**Stored data:**
________
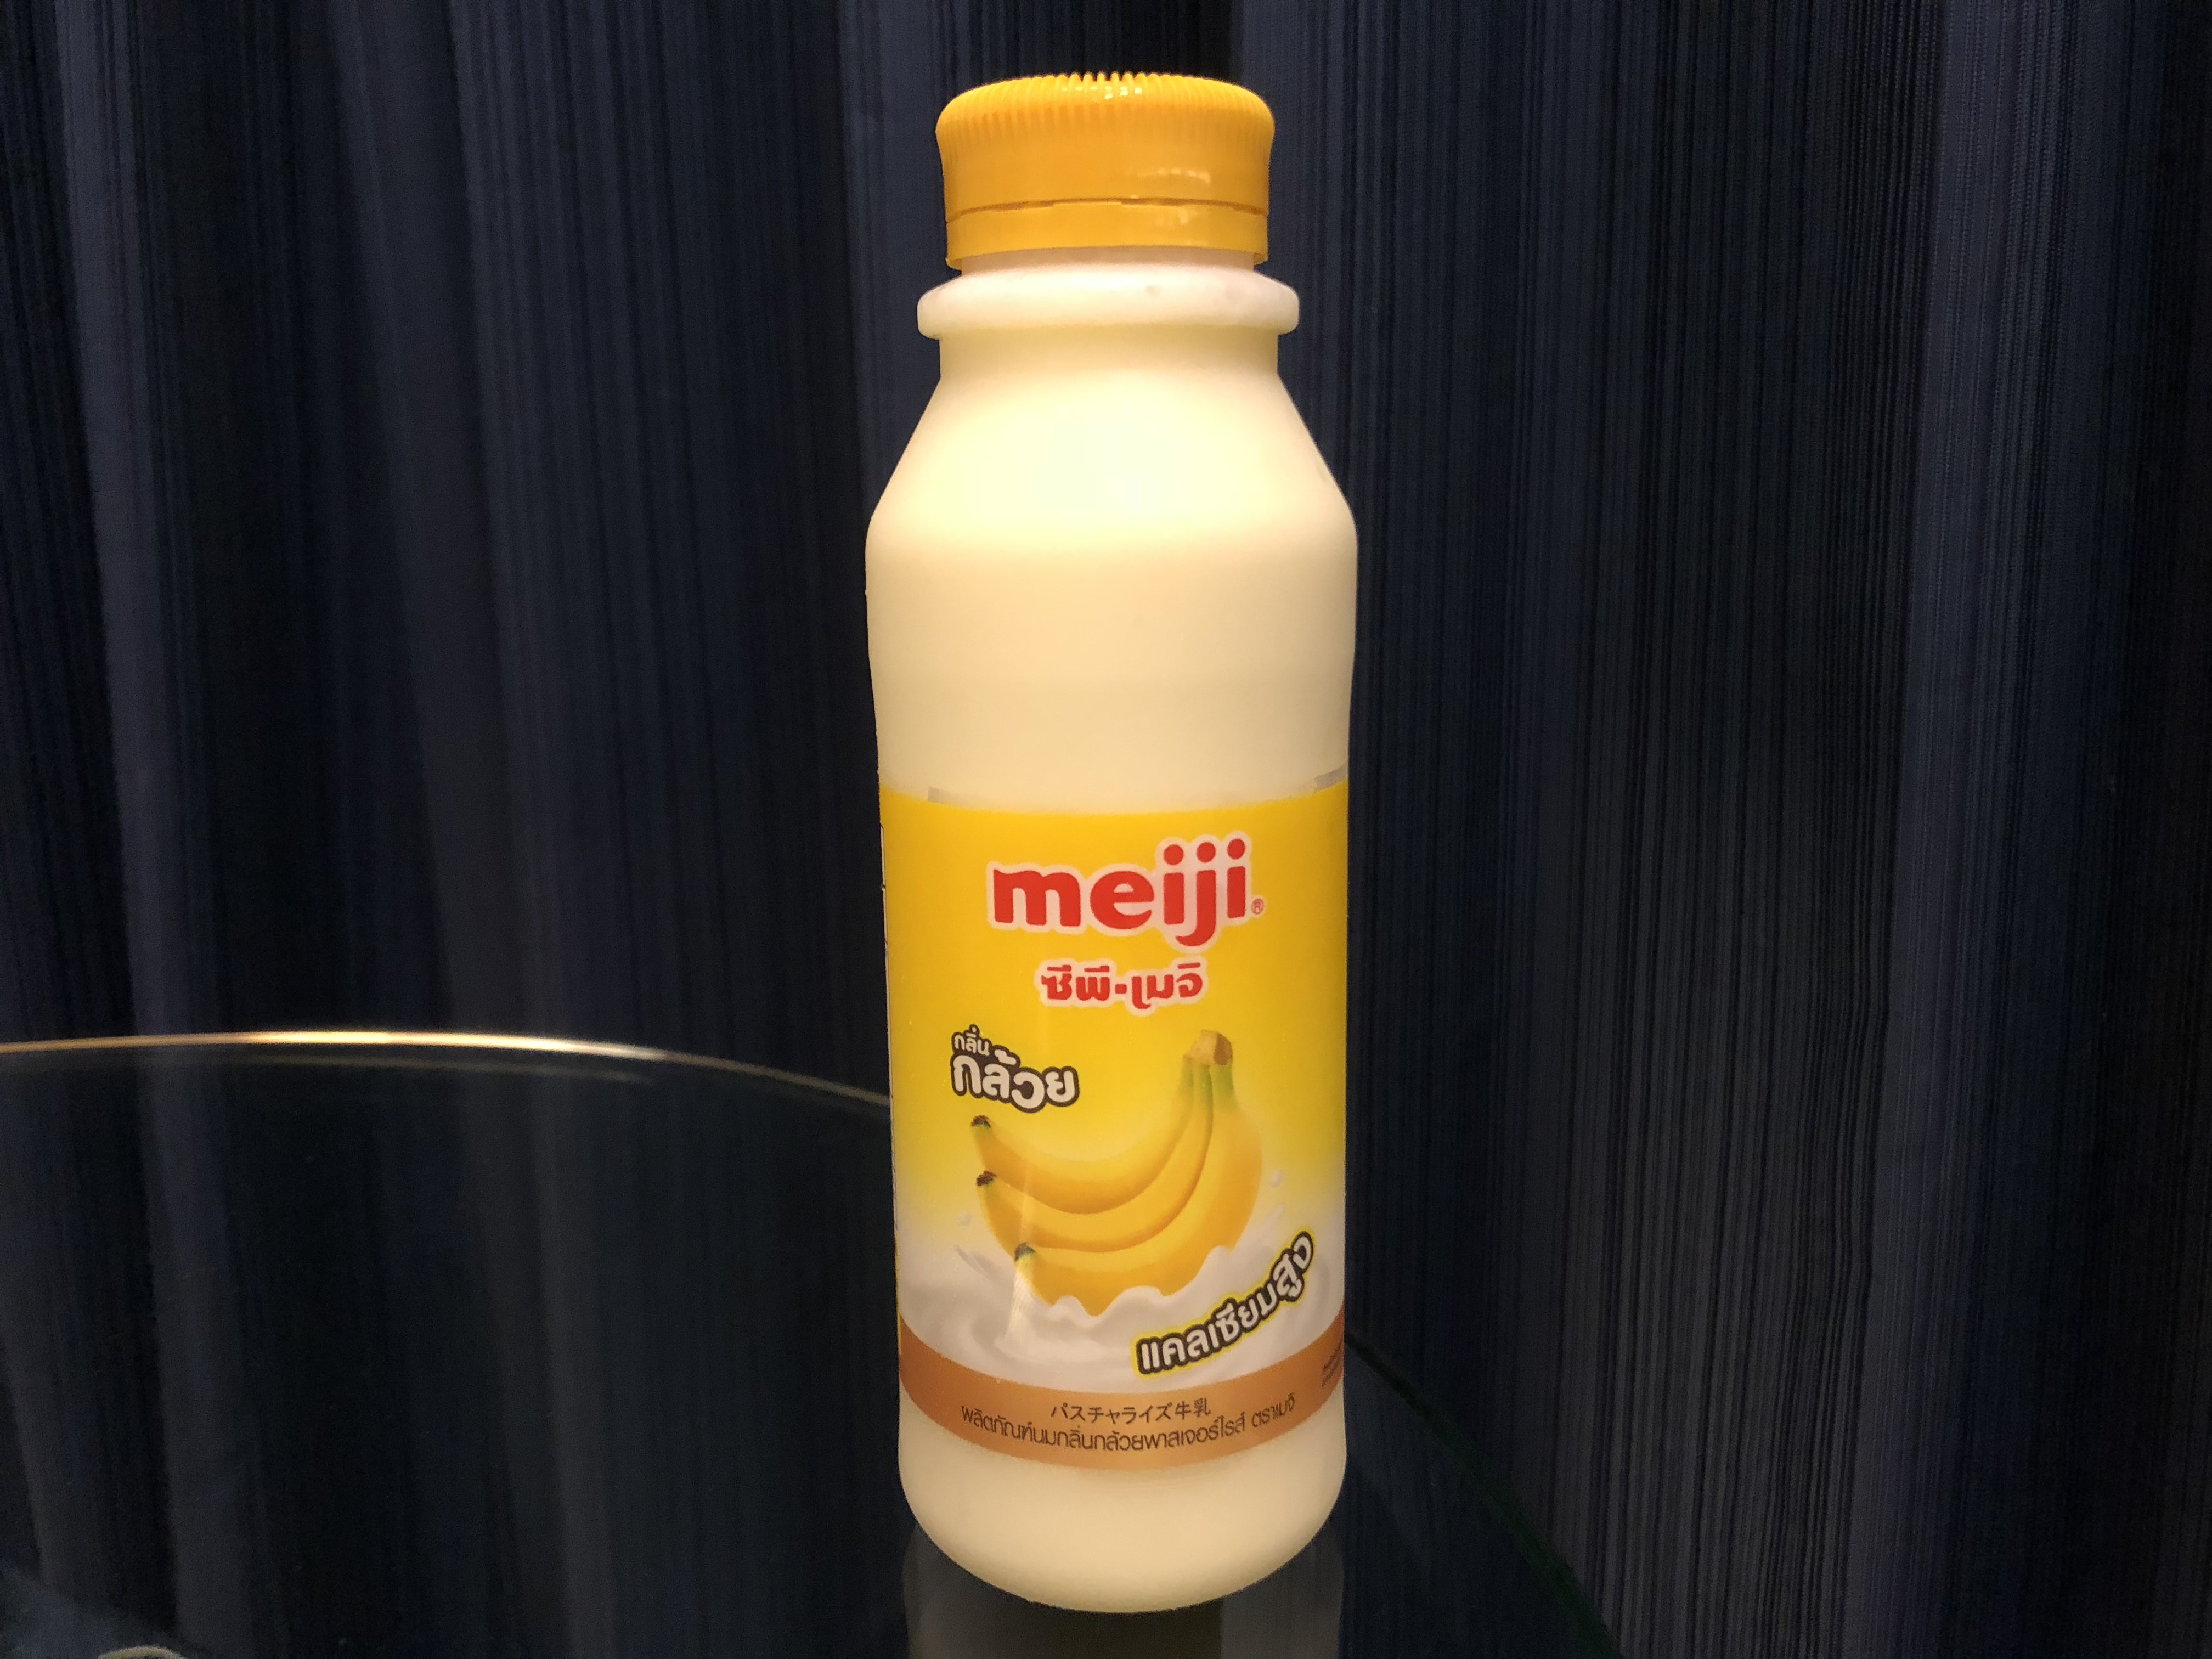 パスチャライズ牛乳 まるでジュース タイのmeiji牛乳シリーズがうまい アジアの歩き方
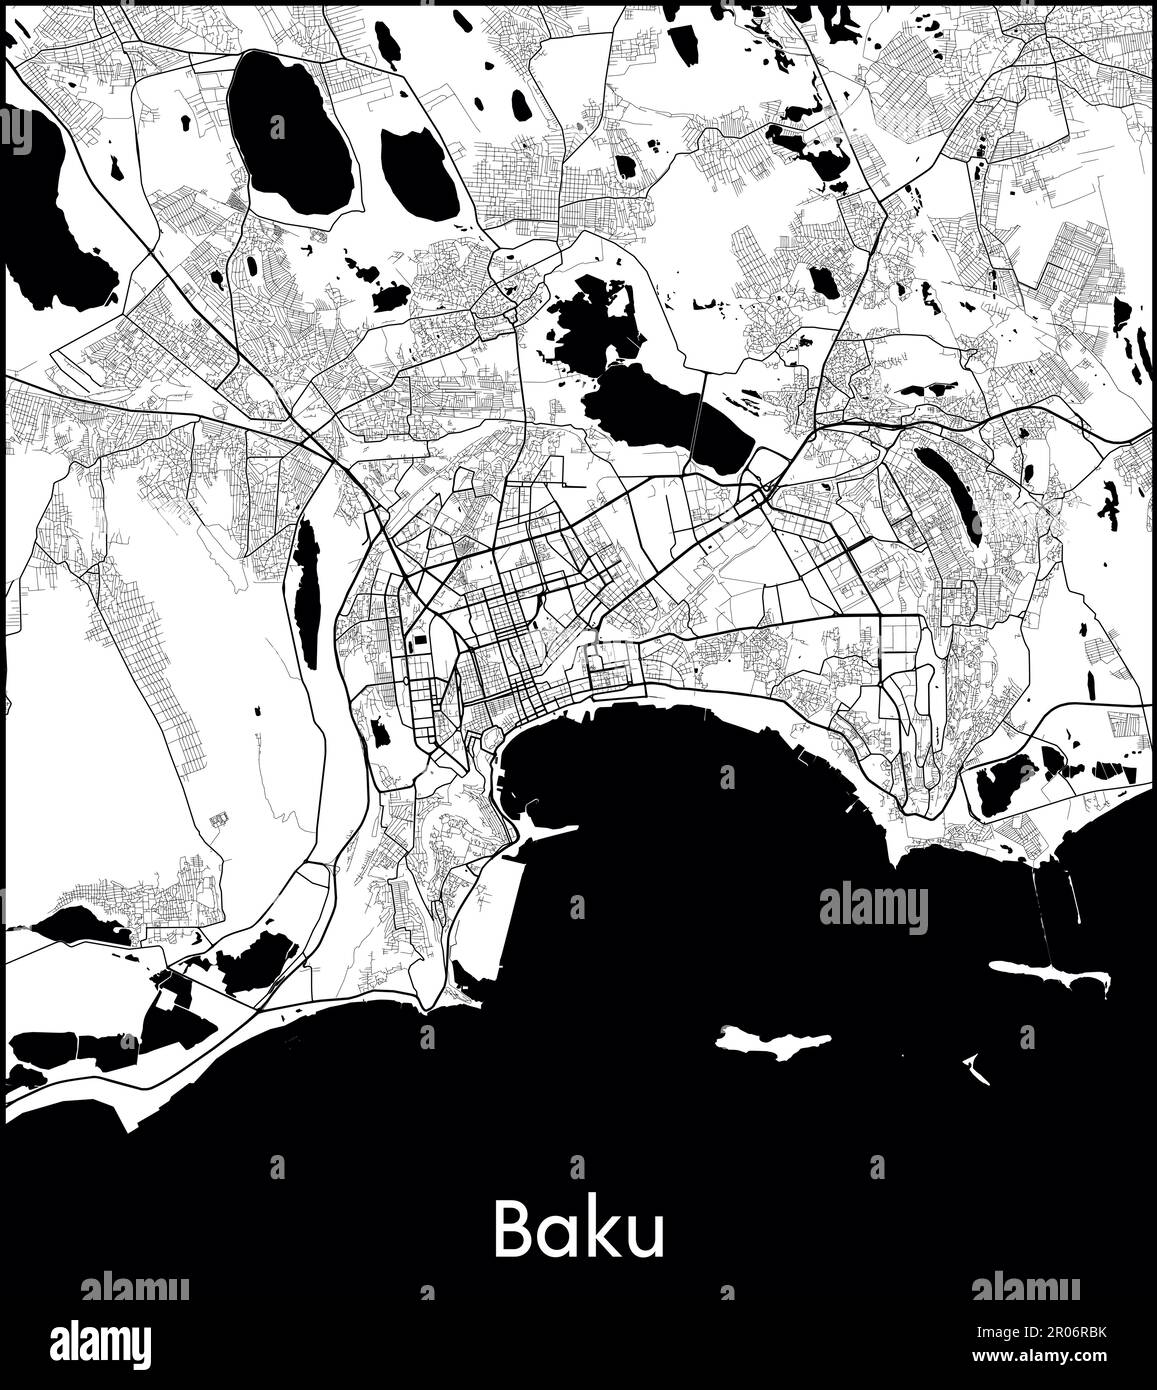 City Map Asia Azerbaijan Baku vector illustration Stock Vector
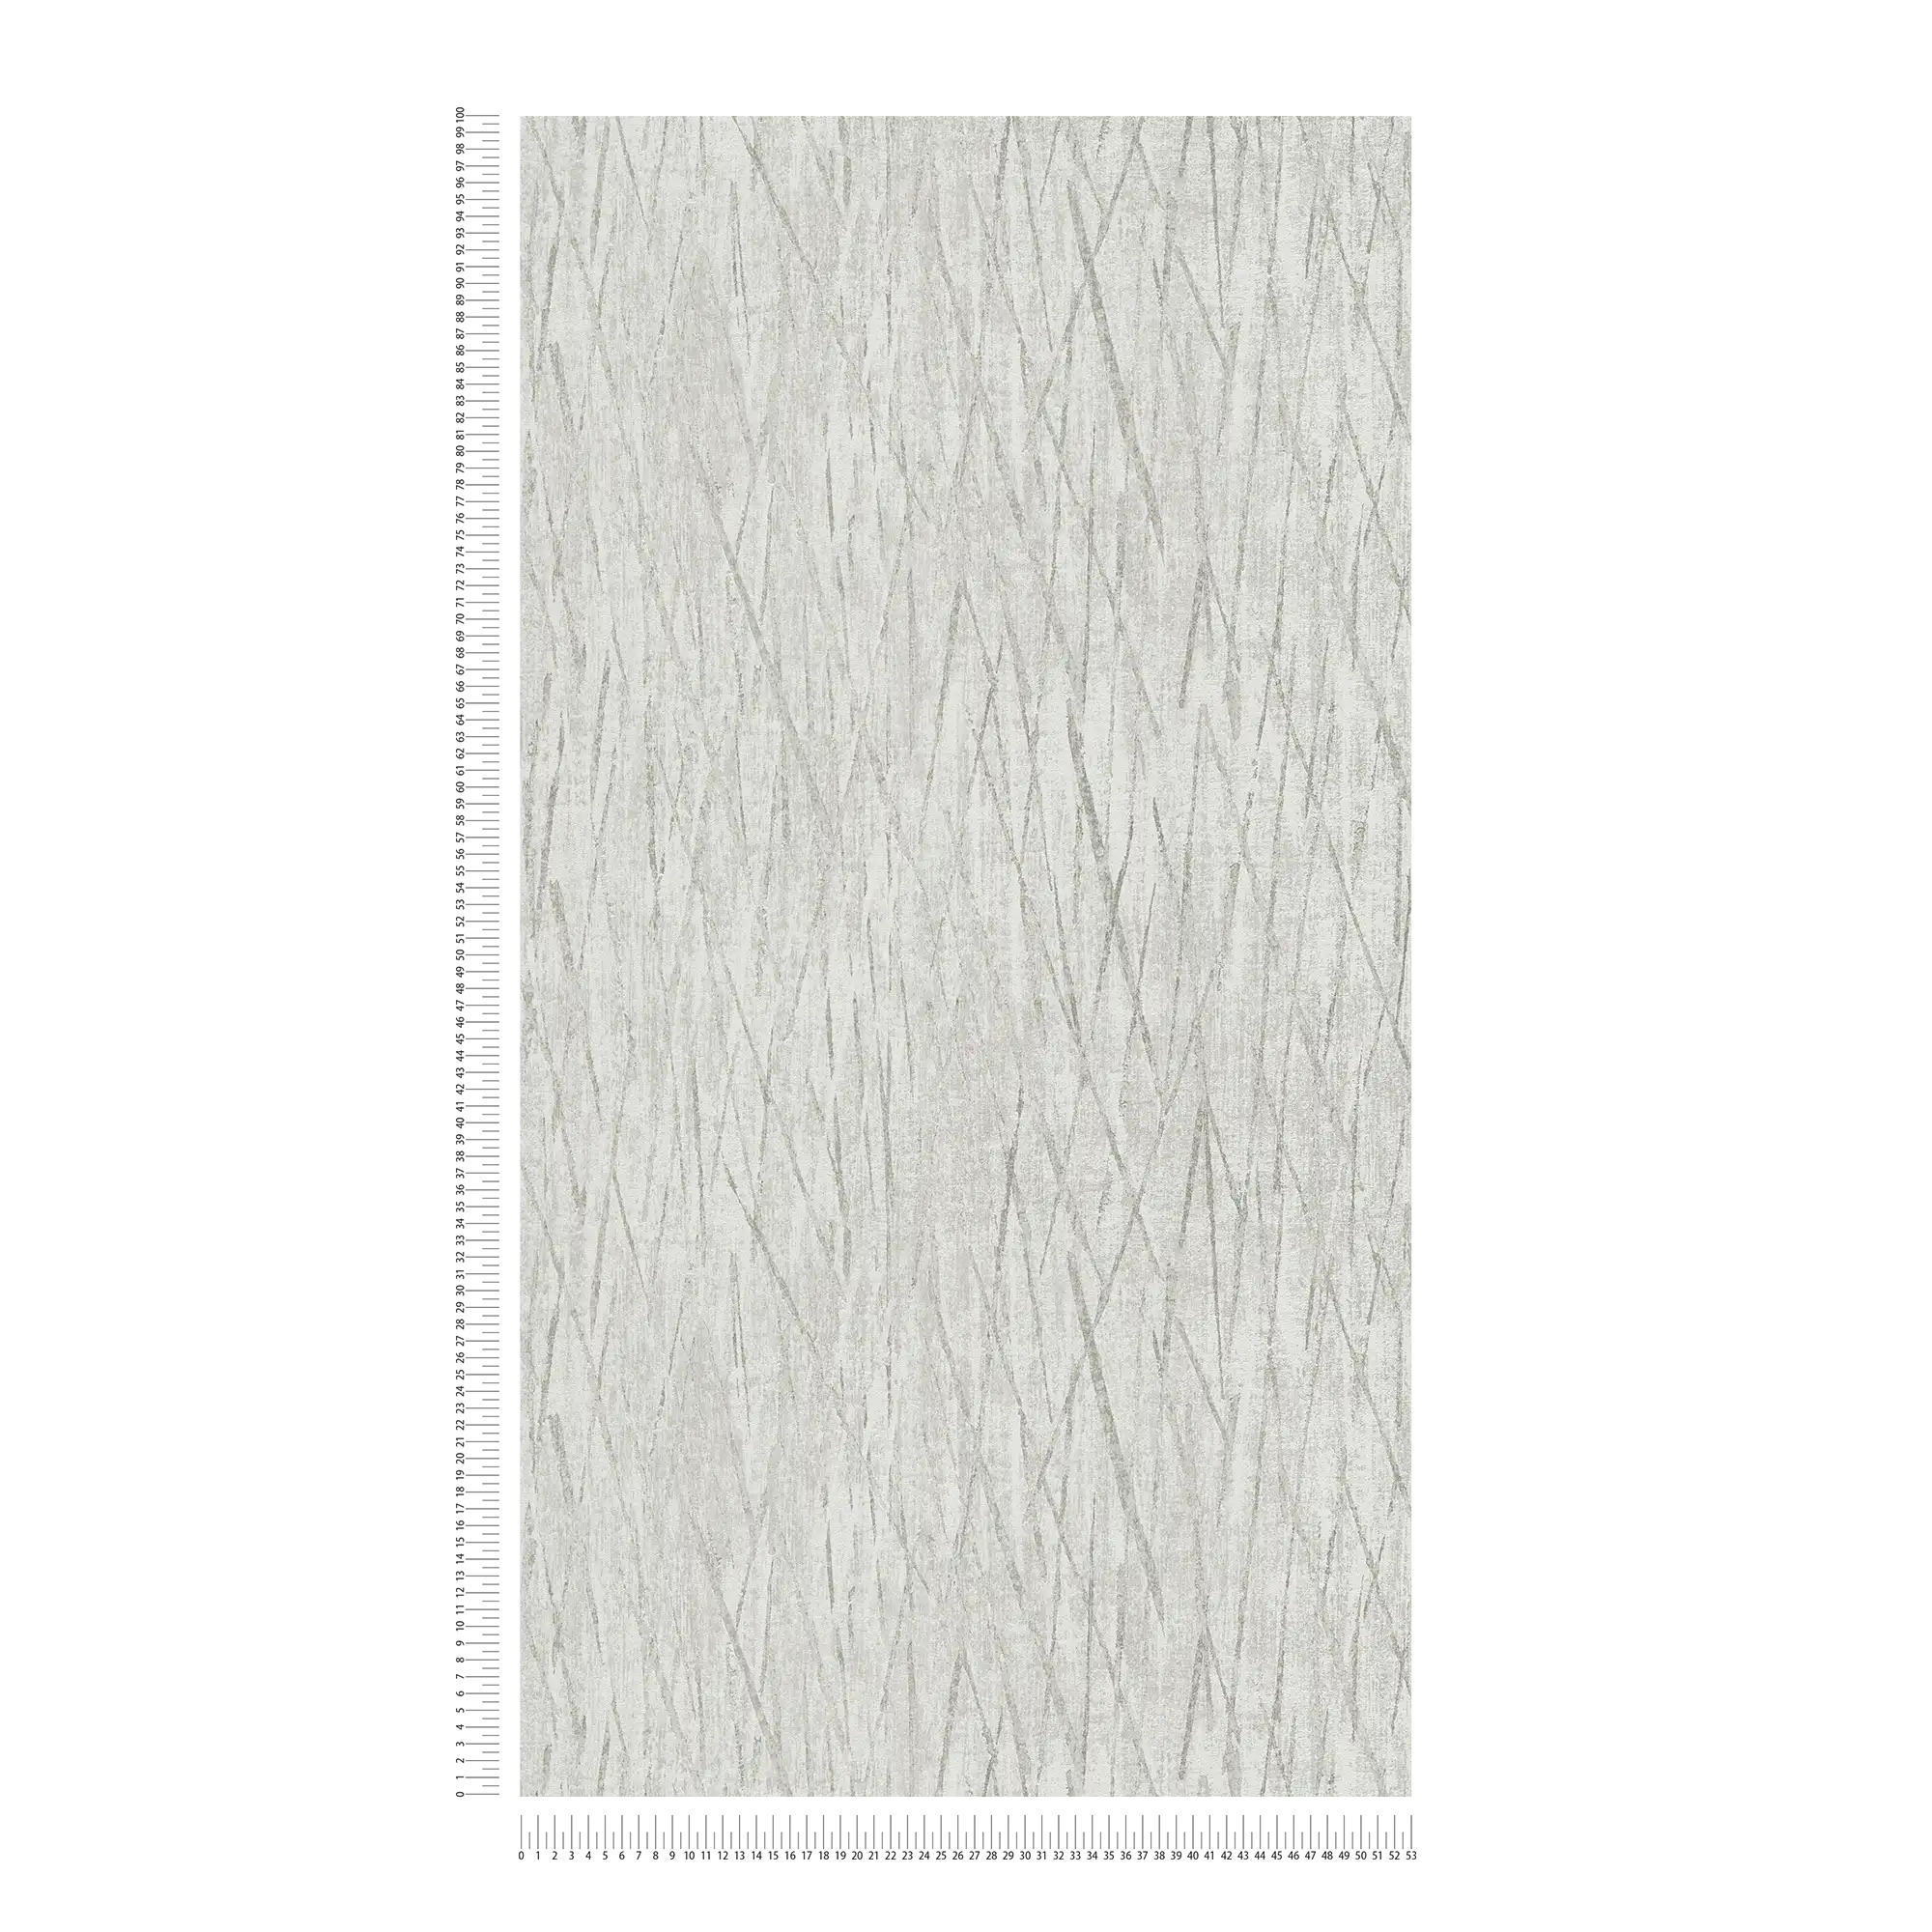             Carta da parati testurizzata con colori metallizzati - grigio, metallizzato
________
Write out the material above again, word for word, minus its pictures.

 パスチャライズ牛乳 まるでジュース タイのmeiji牛乳シリーズがうまい アジアの歩き方
 City Map Asia Azerbaijan Baku vector illustration Stock Vector
             Carta da parati testurizzata con colori metallizzati - grigio, metallizzato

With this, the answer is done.